Discussion on Go and D

Alex Rønne Petersen xtzgzorex at gmail.com
Sun Apr 8 17:24:22 PDT 2012


On 09-04-2012 02:18, Manu wrote:
> On 9 April 2012 02:24, Walter Bright <newshound2 at digitalmars.com
> <mailto:newshound2 at digitalmars.com>> wrote:
>
>     On 4/8/2012 3:57 PM, Manu wrote:
>
>         What do you base that statistic on? I'm not arguing that fact,
>         just that I
>         haven't seen any evidence one way or the other.
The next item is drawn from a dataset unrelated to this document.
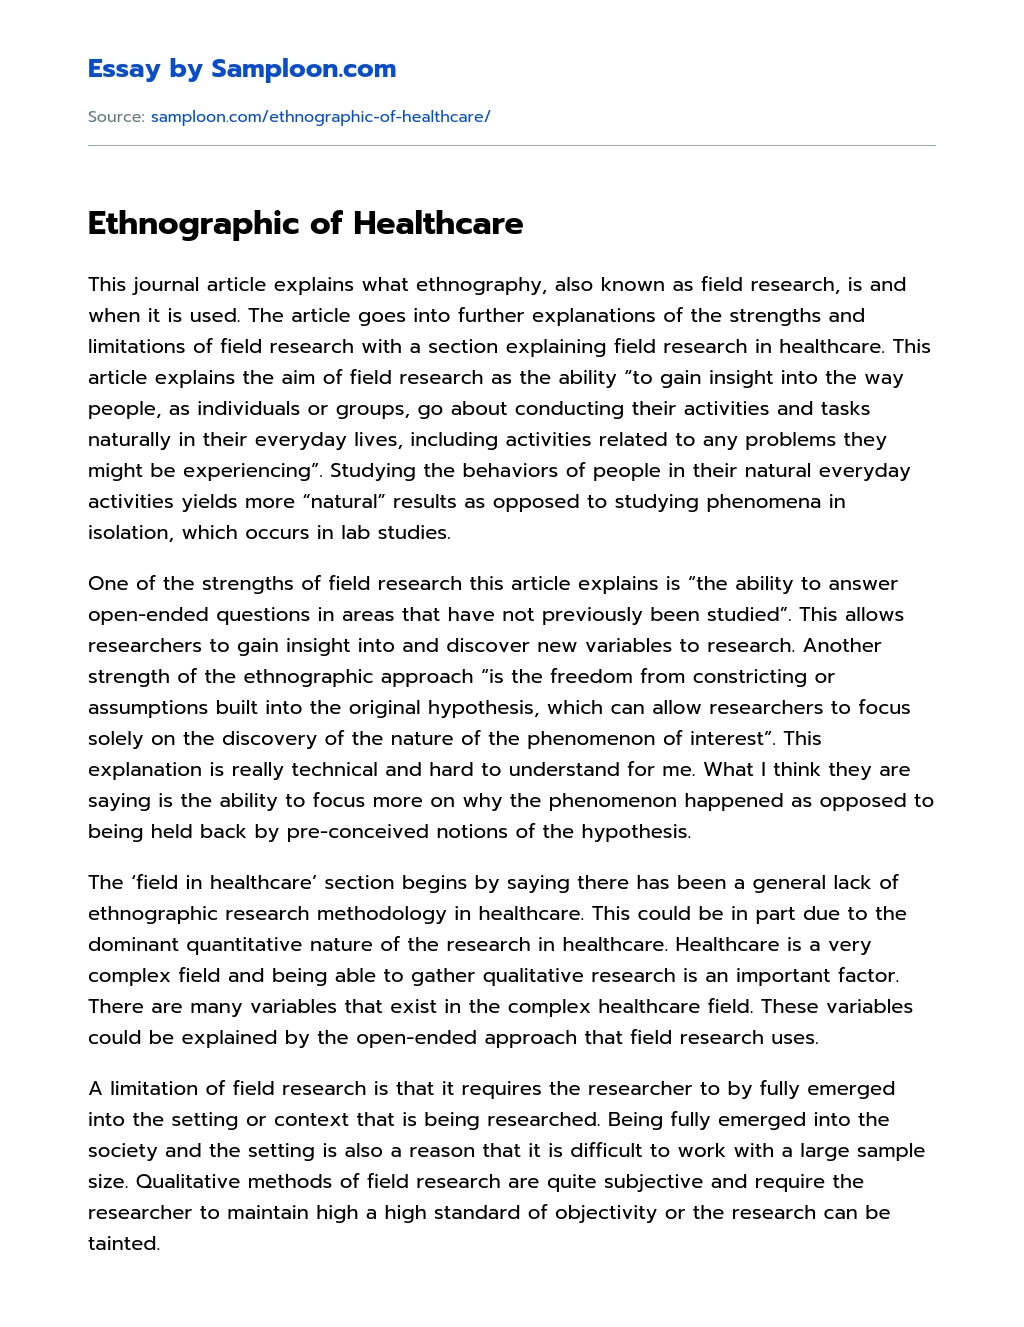 Ethnographic of Healthcare essay

What causes Go
>         to create
>         significantly more garbage than D? Are there benchmarks or test
>         cases I should
>         be aware of on the topic?
>
>
>     The first ycombinator reference is a person who didn't run out of
>     memory using D. That implies far less pressure on the gc.
>
>     My understanding of Go is that when it does structural conformance,
>     it builds some of the necessary data at runtime on the gc heap.
>
>     Anyhow, D has a lot of facilities for putting things on the stack
>     rather than the heap, immutable data doesn't need to get copied, and
>     slices allow lots of reuse of existing objects.
>
>
> "optimized D was slightly faster than Go at almost anything and consumed
> up to 70% less memory"
> Interesting... I don't know enough about Go to reason that finding, I
> guess I assumed it has most of the same possibilities available to D.
> (no immutable data? no stack structs? no references/pointers/slices?
> crazy...)
>
> The only D program I have significant experience with is VisualD, and it
> hogs 1-2gb of ram for me under general usage, and eventually crashes,
> after paging heavily and bringing my computer to a crawl. Not a good
> sign from the first and only productive D app I've run yet ;)
> This seems a lot like his experience with Go... but comparisons aside, D
> still clearly isn't there yet when it comes to the GC either, and I'm
> amazed Google thing Go is production ready if that guys findings are true!

Google likes to invent random useless languages. See: Dart. Both 
languages are solutions looking for problems. ;)

And yes, precise GC is more essential than most people think.